Dr. Zeti Akhtar Aziz, who turned 77 on August 27, is sitting pretty today as co-chair of the Board of Governors Asia School of Business, established in collaboration with MIT Sloan. For a Wharton-trained economist and award-winning former Governor of Bank Negara Malaysia, she deserves the honour and relative ease that go with the position.
Dr. Aziz was appointed Acting Governor of Malaysia’s central bank in the thick of the Asian Financial Crisis in 1998. Two years later, through her sheer demonstration of competence and patent commitment to hard work and solutions, she clinched the substantive post of Governor.
She soon vindicated Reformist Prime Minister Mahathir Mohamad’s confidence in her by assisting him to resolve her country’s currency crisis and precarious financial problems. She was the first woman to be appointed to such a strategic position in the country and remains the longest-serving central bank Governor in the country’s history. It’s no surprise she championed gender equality, using her career and success in the polity as references. While at the job, she introduced a dozen fresh pieces of legislation that not only liberalised but also returned the country’s financial system to stability.
East Asia will not forget her indelible contributions to the work of the task force that inaugurated the cooperation of central banks in the region. As a founding member of the Bank for International Settlements (BIS) and co-chair of the Financial Stability Board Consultative Councils for Asia, her influence spanned the entire region.
Perhaps her most enduring contribution to global finance is the growth of Islamic finance. She was active in the creation of the Islamic Finance Services Board, the debate on Shariah compliance of Islamic financial products and services, and the inauguration of the world’s first ever sovereign Sukuk (Islamic bond) by Malaysia.
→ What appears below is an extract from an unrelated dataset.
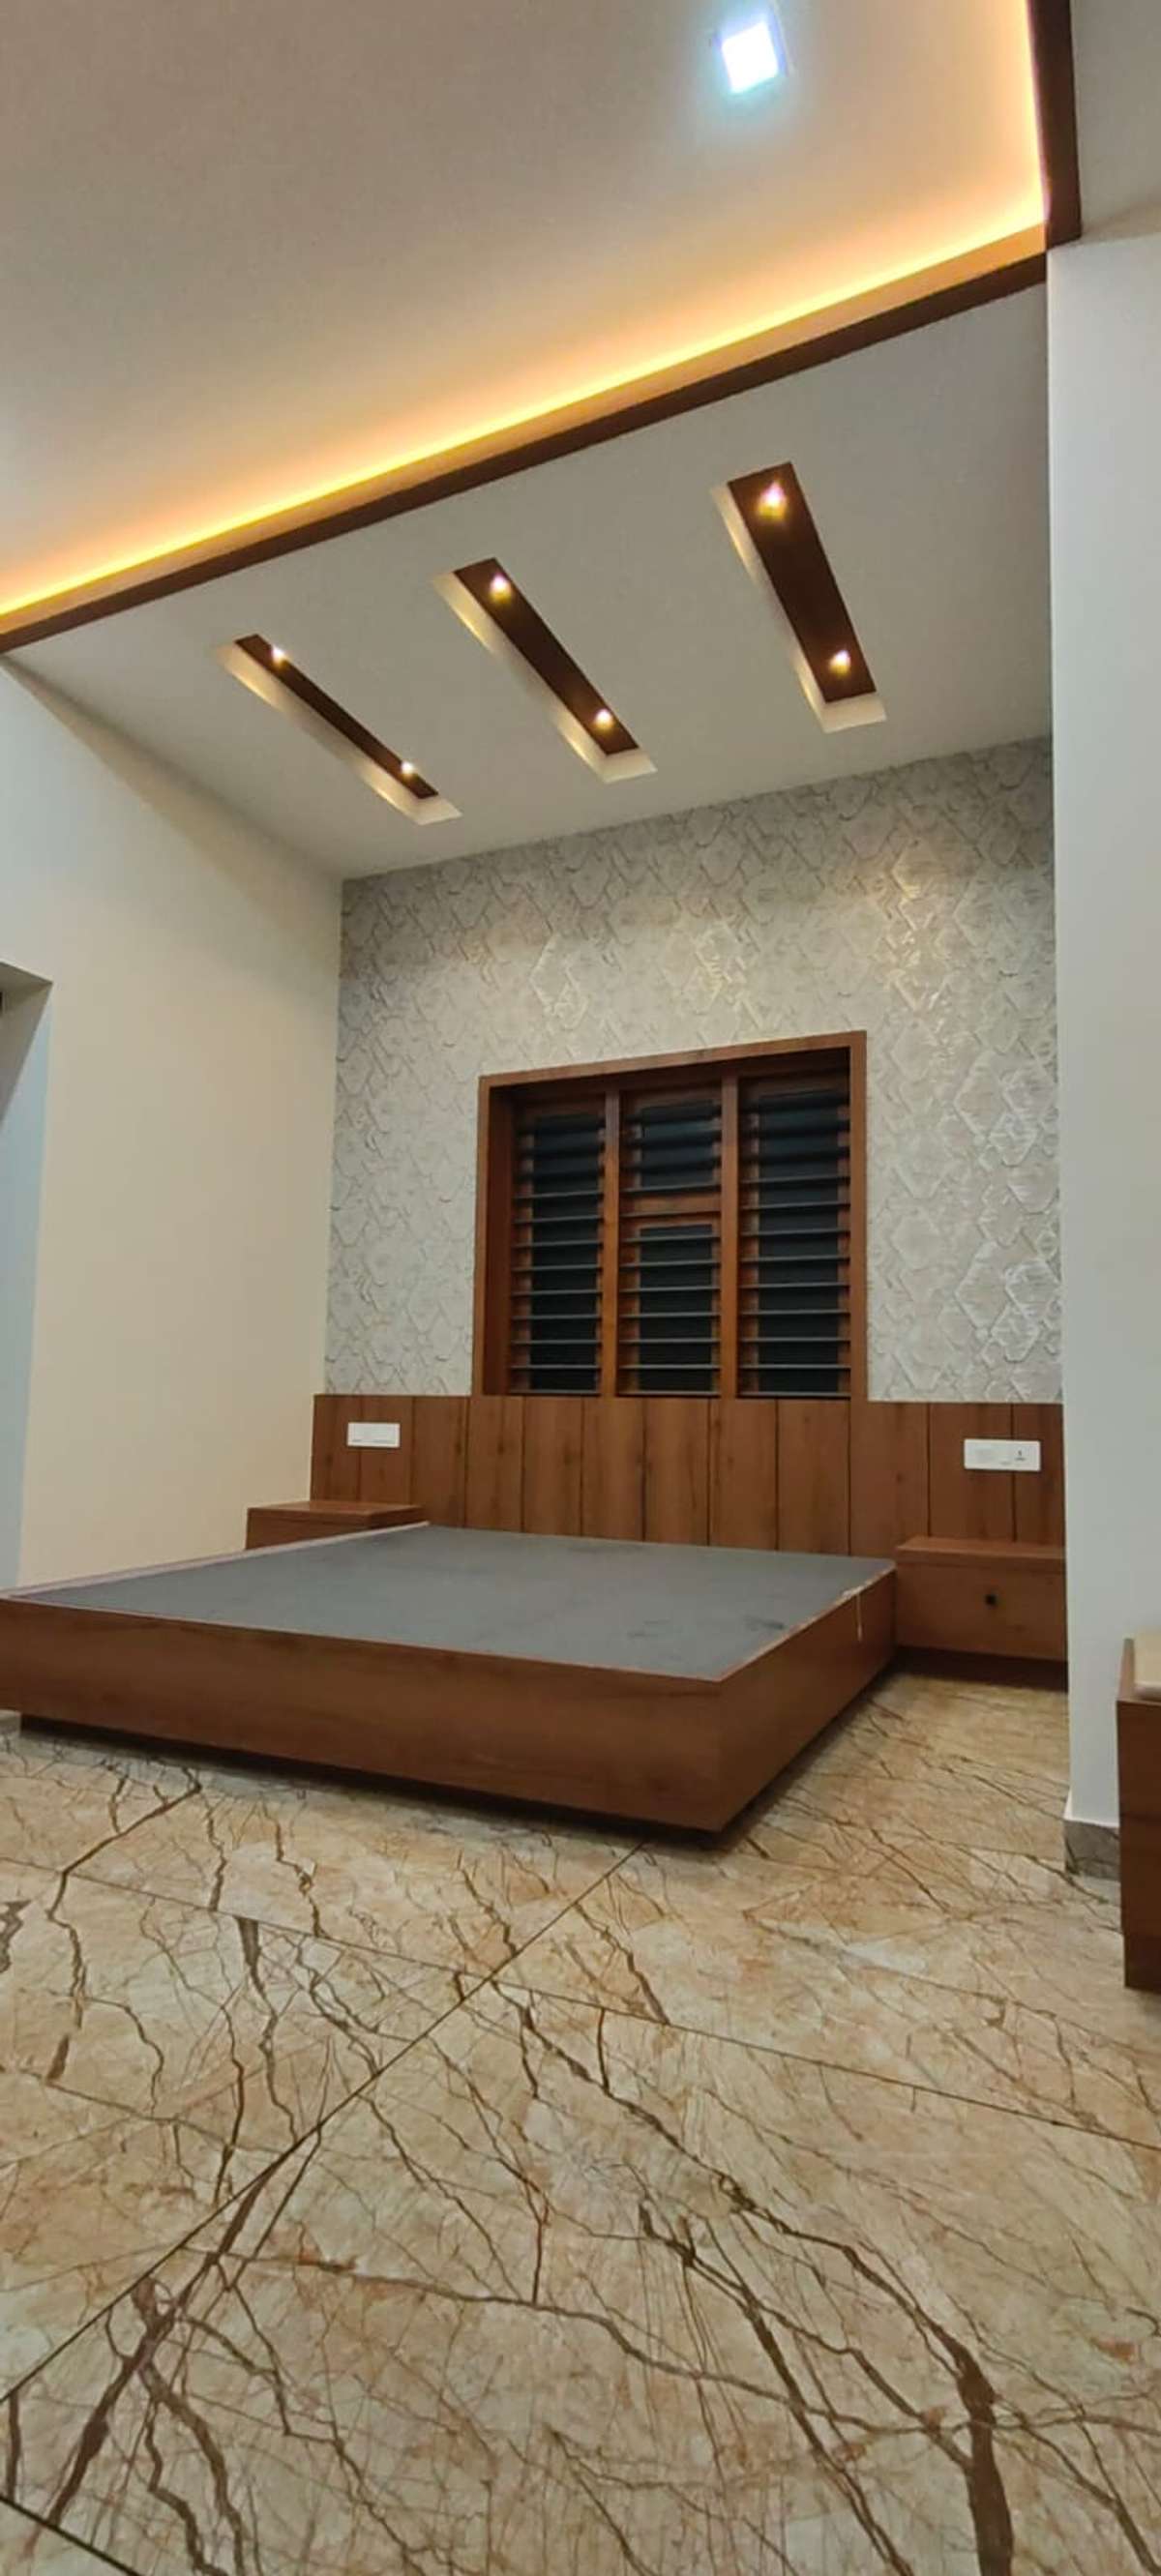 Designs by Interior Designer designer interior 9744285839, Malappuram | Kolo

Islamic finance currently accounts for more than 11 percent of the volume of operations in the country’s financial system.
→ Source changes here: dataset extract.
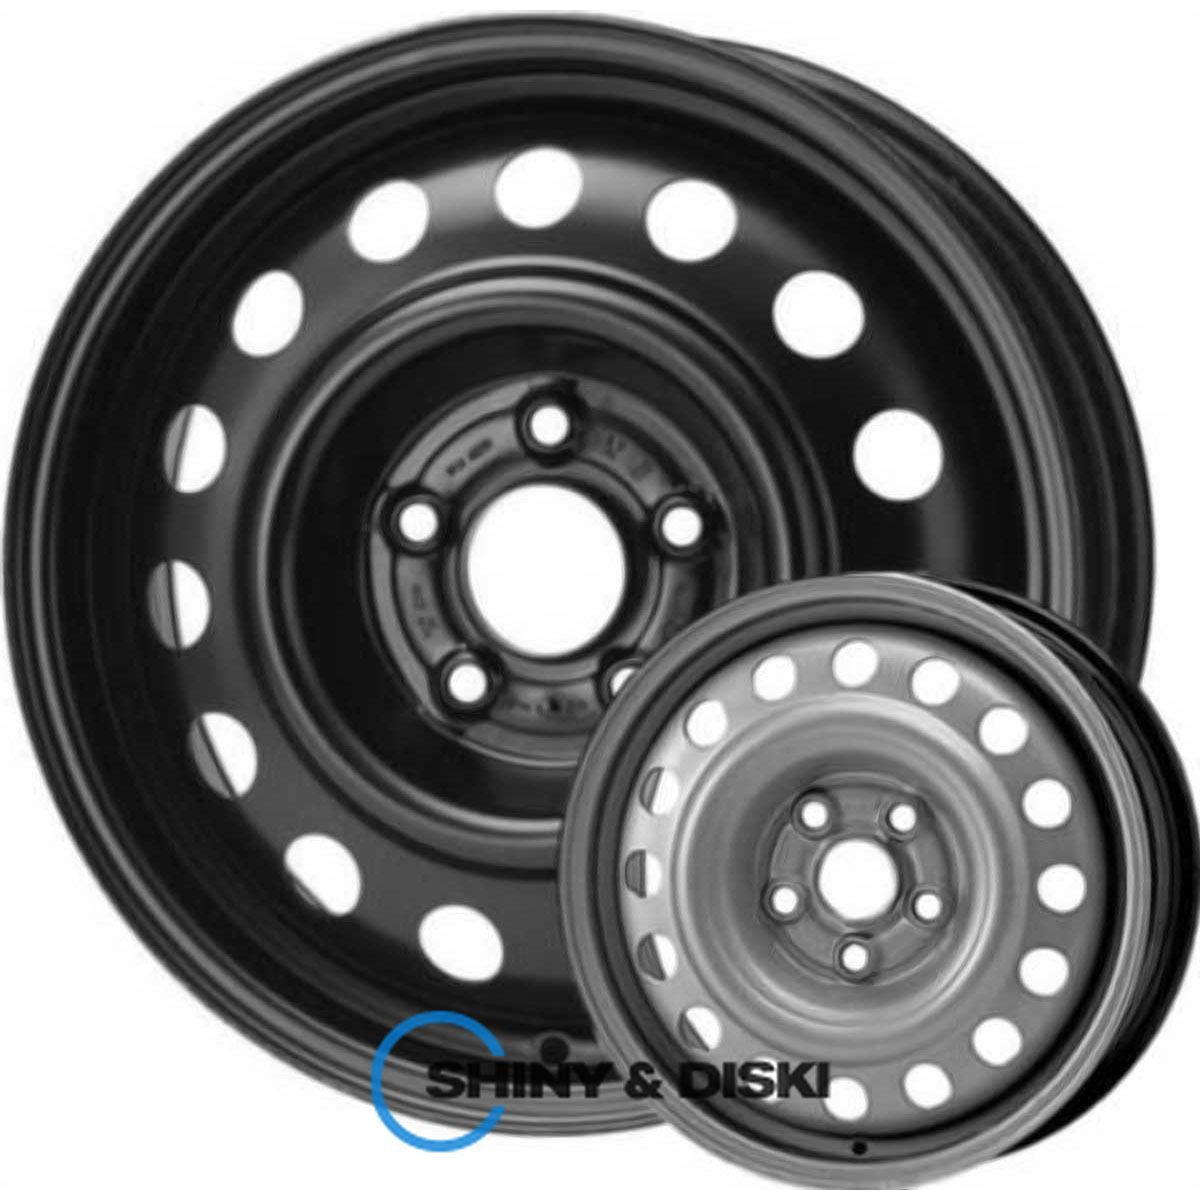 steel wheels kap b r16 w6 pcd5x108 et52.5 dia63.4

A couple of years after stepping down from the Governor’s perch in Bank Negara, the Royal Patron for Malaysia’s Islamic Finance Initiative, His Royal Highness Sultan Nazrin Muizzudd in Shah, conferred on Dr. Aziz the Royal Award for Islamic Finance. The citation lauded “her achievements and exceptional leadership in expanding the frontiers of Islamic finance in the domestic and global financial arenas.”
Much earlier on, not long into her 16-year tenure at Malaysia’s central bank, Dr. Aziz earned the reputation of a tough regulator. Yet she is renowned as a focused intellectual. Her PhD dissertation on Capital Flows and their Implications on Policy resonates with diverse segments of the financial world. And that is not surprising; Dr. Aziz is the daughter of renowned Royal Prof. Ungku Aziz Ungku Abdul Hamid, former Vice Chancellor of the University of Malaysia.
For her numerous contributions to exchange rate management, capital markets, and global finance in general, an international publication awarded Dr. Aziz its 2005 Central Bank Governor Prize. She had so impressed modern Malaysia’s globally recognised builder, Dr Mahathir Mohamad, who appointed her into the Council of Eminent Persons in his second tour of duty as Prime Minister when he returned to power in 2018, after a 15-year retirement from the same office. Expectedly, she served as the government’s distinguished adviser on economic and financial matters.